Sunday, September 27, 2009

Willow: Julia Hoban

SUMMARY (Courtesy of

Seven months ago, on a rainy March night, sixteen year- old Willow’s parents died in a horrible car accident. Willow was driving. Now her older brother barely speaks to her, her new classmates know her as the killer orphan girl, and Willow is blocking the pain by secretly cutting herself. But when one boy—one sensitive, soulful boy—discovers Willow’s secret, it sparks an intense relationship that turns the “safe” world Willow has created for herself upside down.
Told in an extraordinary fresh voice, Willow is an unforgettable novel about one girl’s struggle to cope with tragedy, and one boy’s refusal to give up on her.


Overall, not too bad. Sometimes I felt like things moved way too quickly and were disjointed between scenes but Willow's internal struggle and reasonings were well crafted. Its a hard topic and not easily broached but I thought it was done with taste here. It not only showed the effect cutting has on the person doing it and the psychological need for it- as well as the inability to properly explain it and the knowledge that until you are in that dissociated state of mind, it makes no sense- but also the way it effects others. The ending in my opinion was bitter sweet and I really liked the closing line although I felt there wasn't a full sense of closure.

This is one of those books that is mental more than anything which I did like. The writing pulled me in, making me feel what Willow did and I didn't find it repetitive or boring though I know a lot of mental stories tend to do that to readers.

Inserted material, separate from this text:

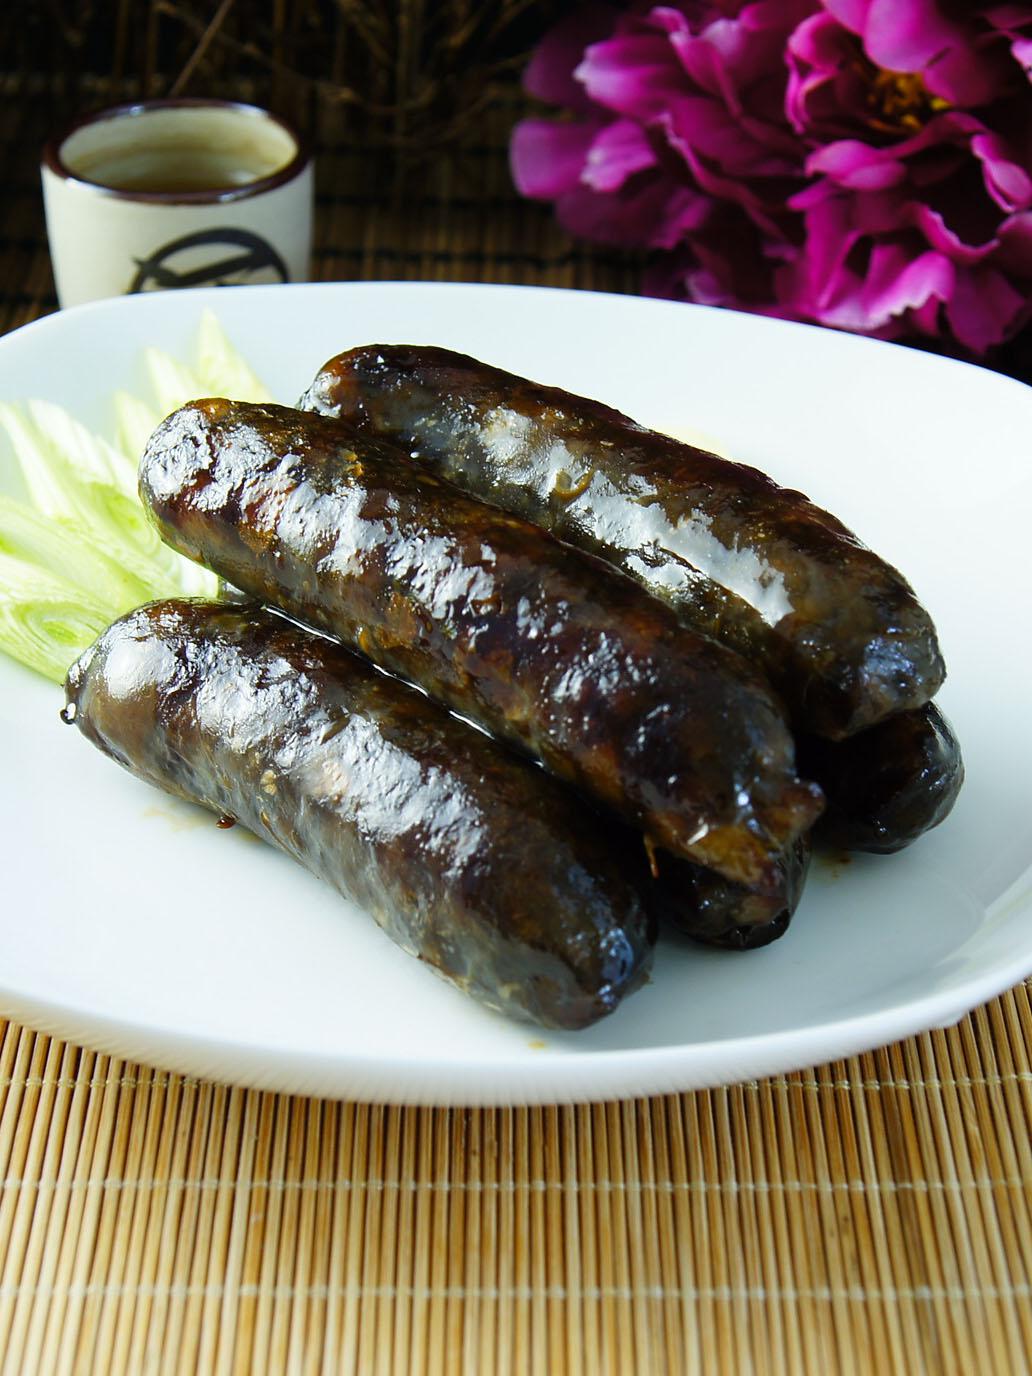 【金榮肉品】屏東東港 墨魚香腸 - 130元(300克±5%/包)

There were a few scenes that were just outright powerful that will stick with me because of the way they were written, the content of them, and their role in the story. Watching Willow grow, both through herself and by interactions with others was moving and I really think this book should be read by any kind of teacher or educator- the cutting content is something many do not understand but it will show how to be helpful and compassionate towards the person rather than judgmental. It isn't just about recognizing the signs of a cutter- it is also about how to approach them and how to help them get past it. Understanding their need and reliance for cutting is the biggest part of the battle and I think this book, whether intentionally or not, will help people to do that.